> _WHAT TO WORK ON_:
Reproduce the listing below from the line with "MitoQ derma +protect supplement facts label" to the line with "B XTRA BOUTIQUE", both lines included, character for character, minus any pictures.

> _TASK INPUTS_:
━━━━━━
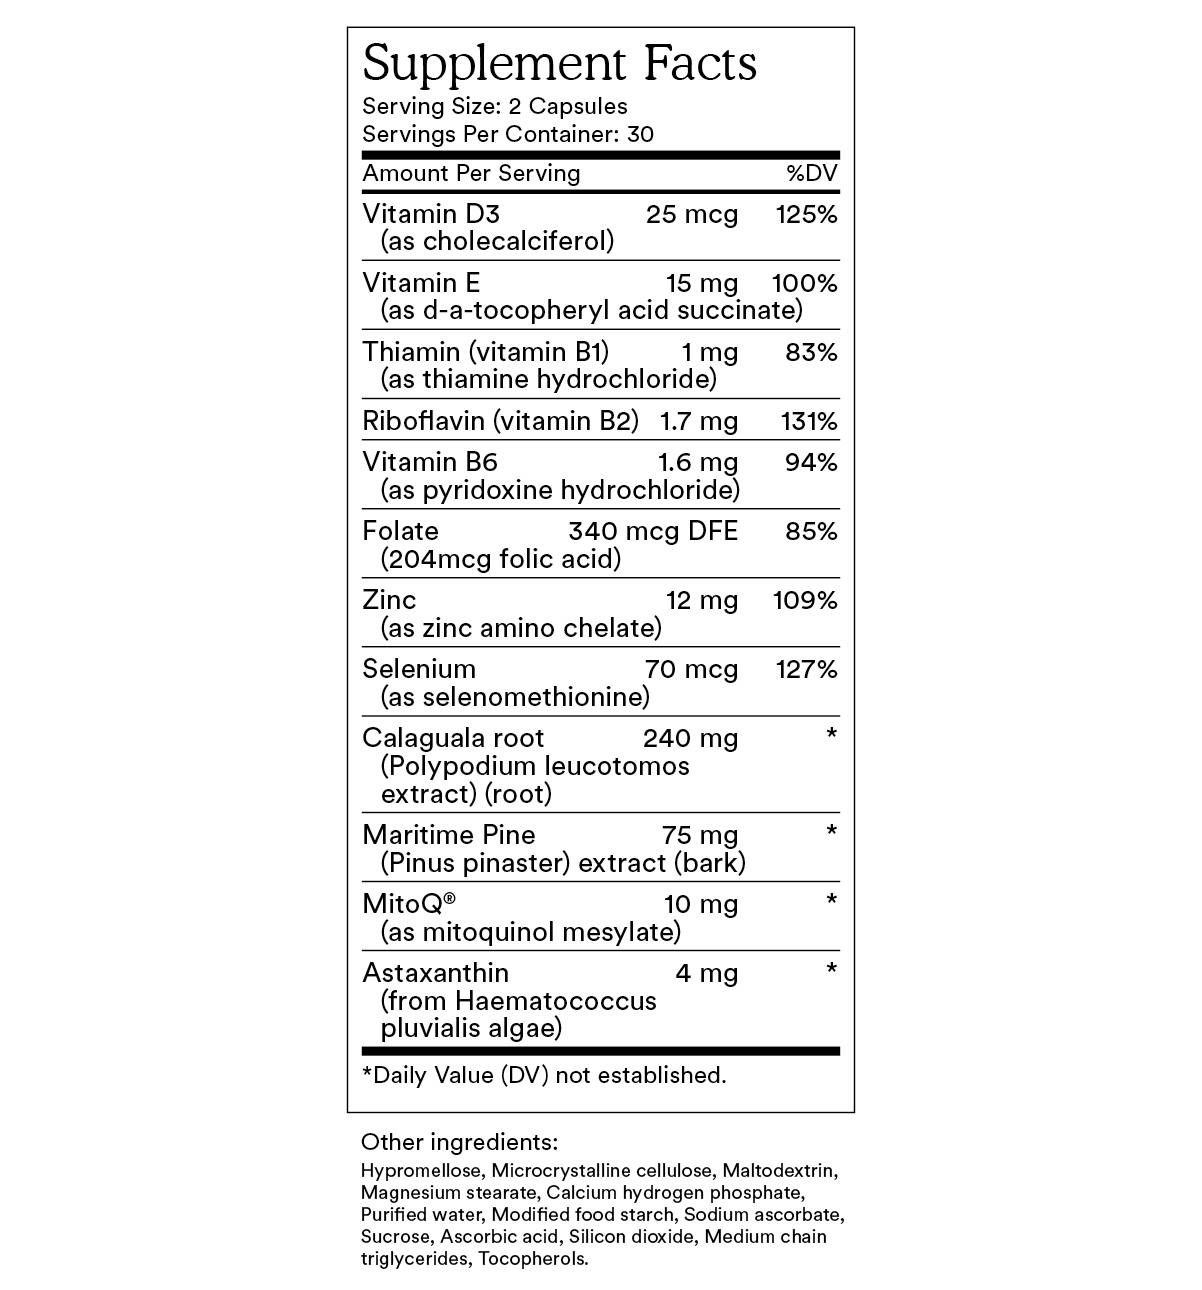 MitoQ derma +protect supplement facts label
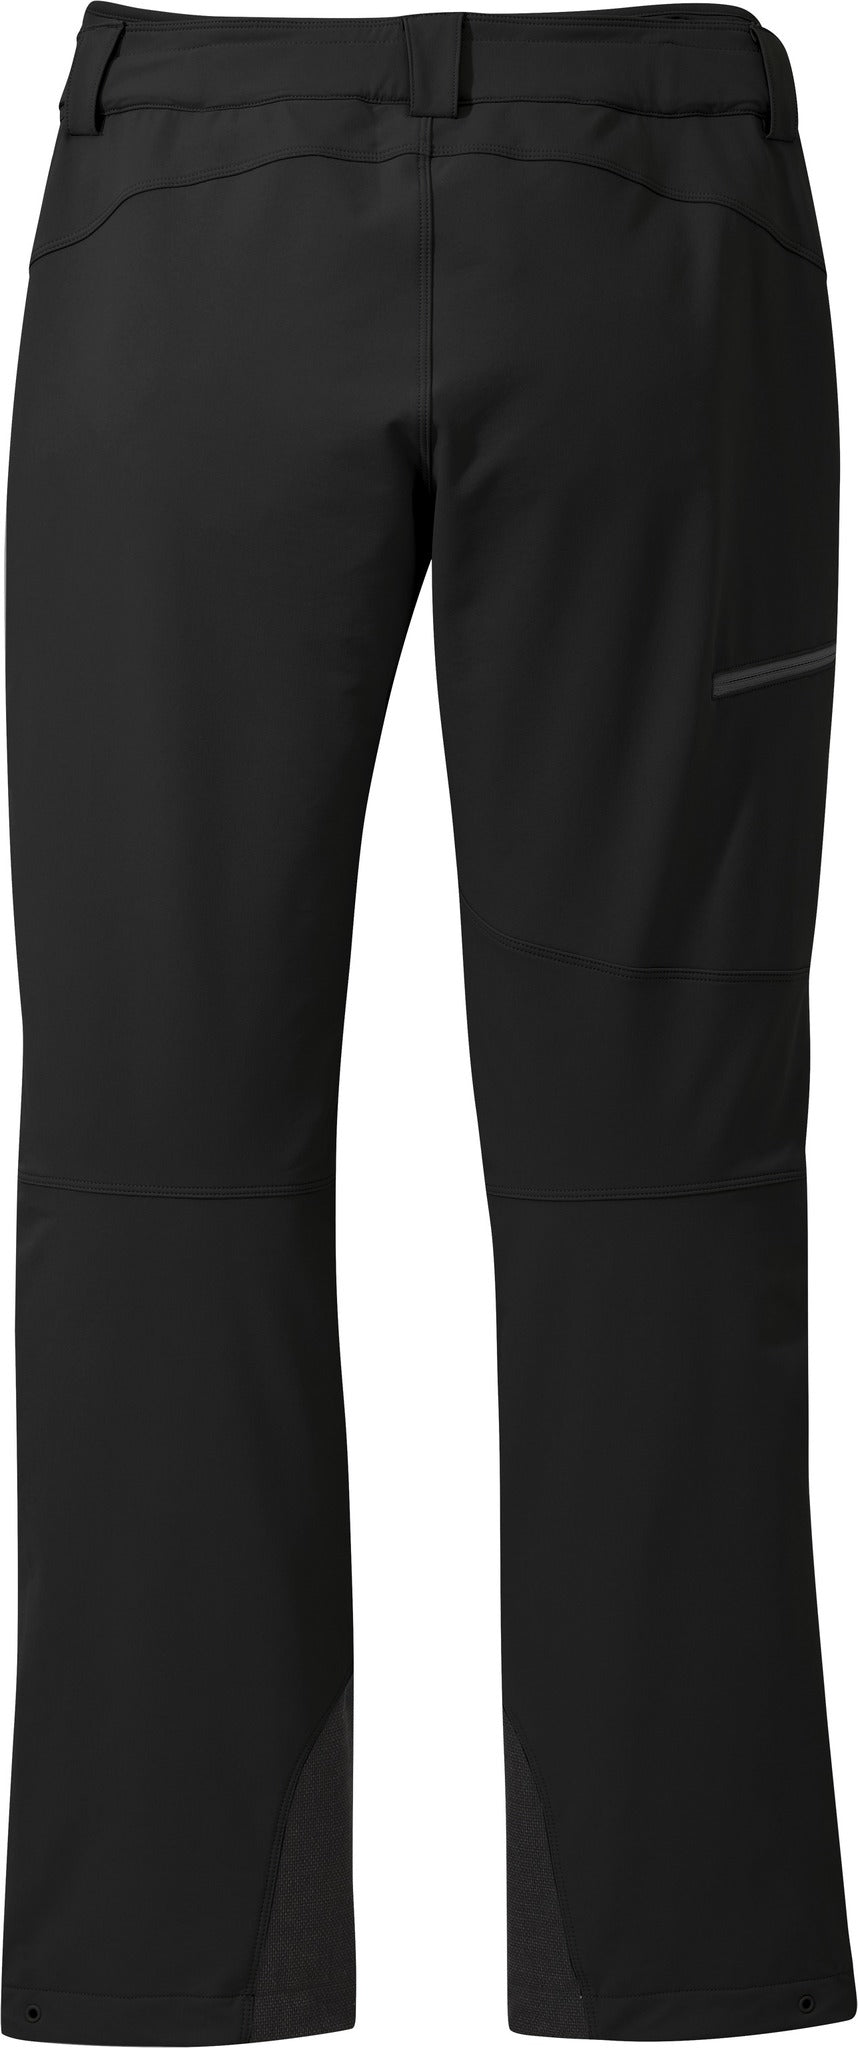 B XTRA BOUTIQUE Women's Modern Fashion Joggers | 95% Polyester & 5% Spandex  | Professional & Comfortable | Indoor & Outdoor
━━━━━━
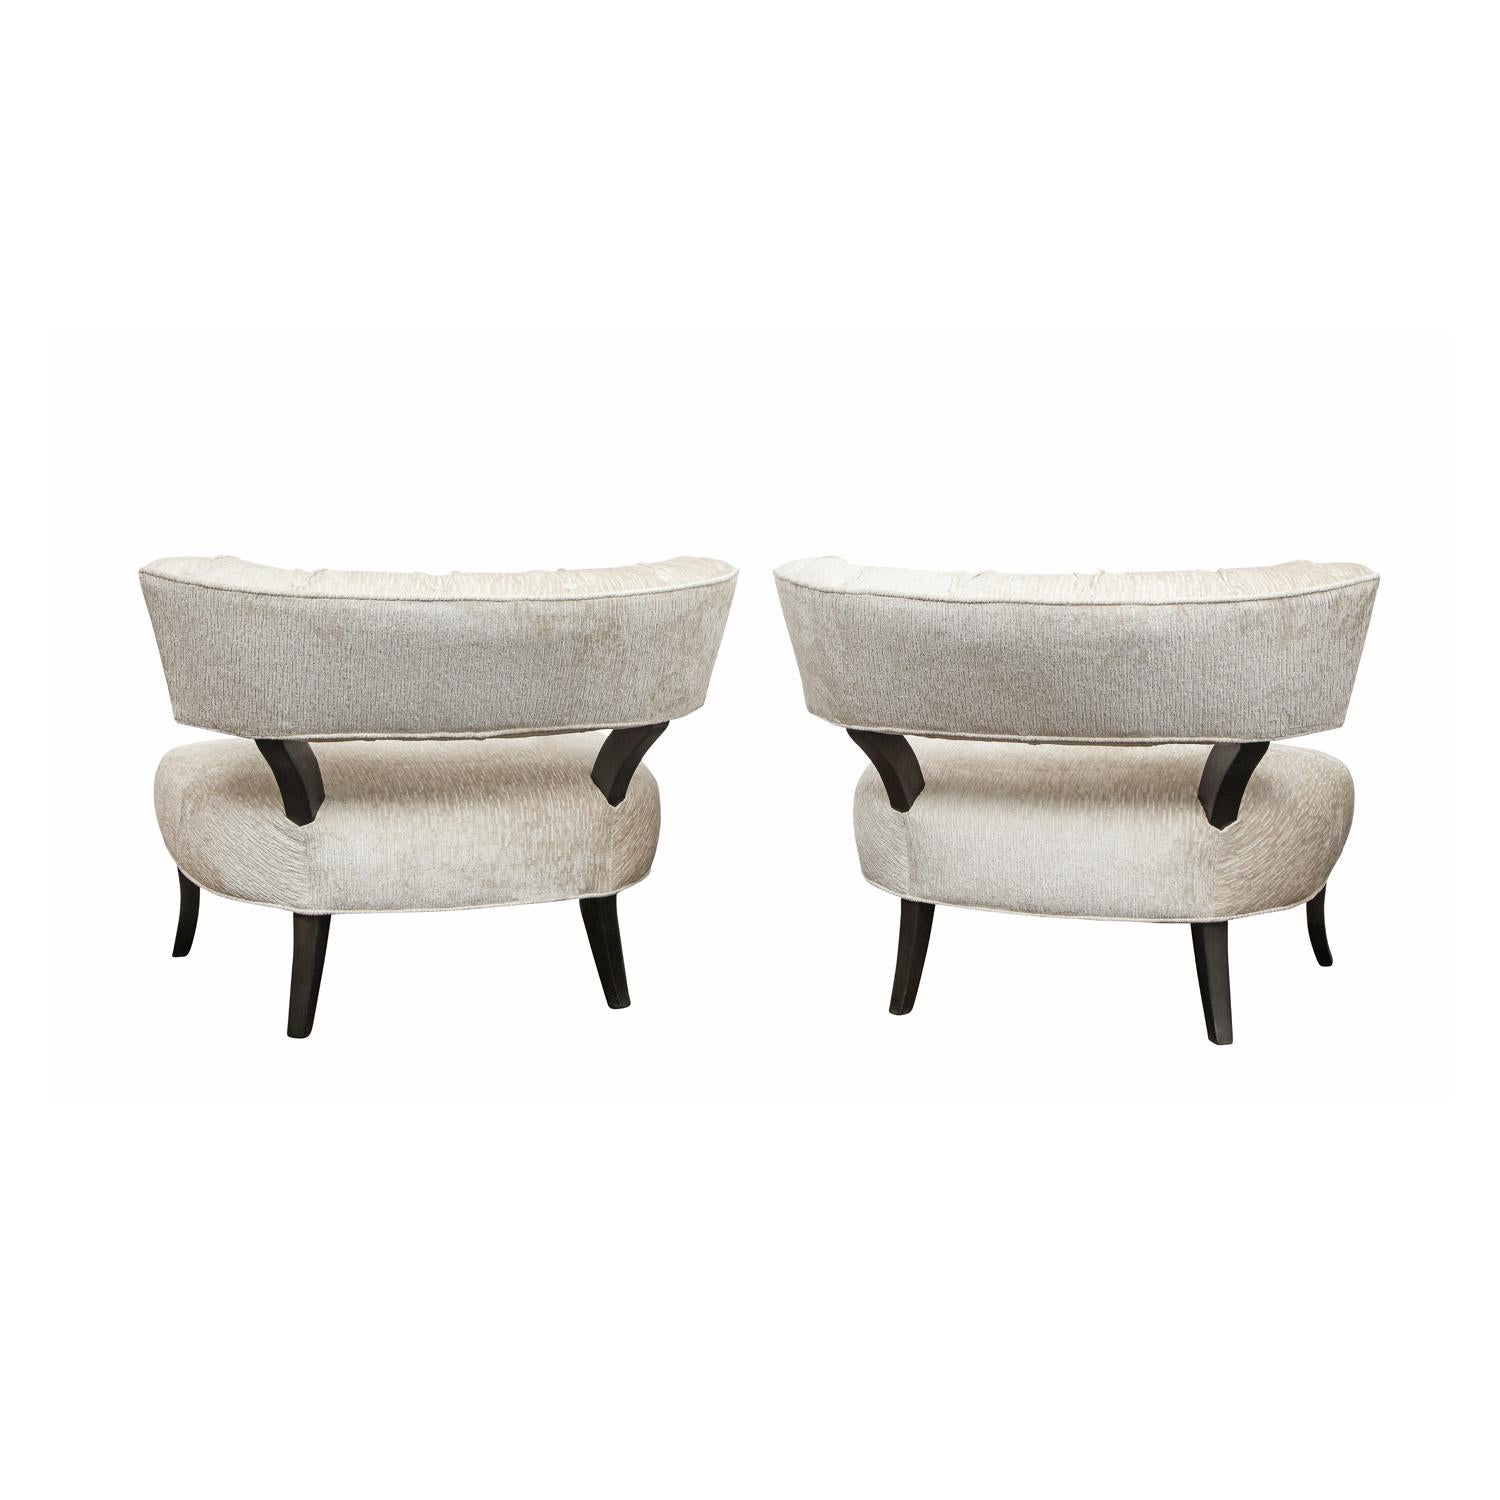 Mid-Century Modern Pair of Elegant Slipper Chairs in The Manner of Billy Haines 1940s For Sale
━━━━━━
> _RESPONSE TO THIS TASK_:
 MitoQ derma +protect supplement facts label
 B XTRA BOUTIQUE Women's Modern Fashion Joggers | 95% Polyester & 5% Spandex  | Professional & Comfortable | Indoor & Outdoor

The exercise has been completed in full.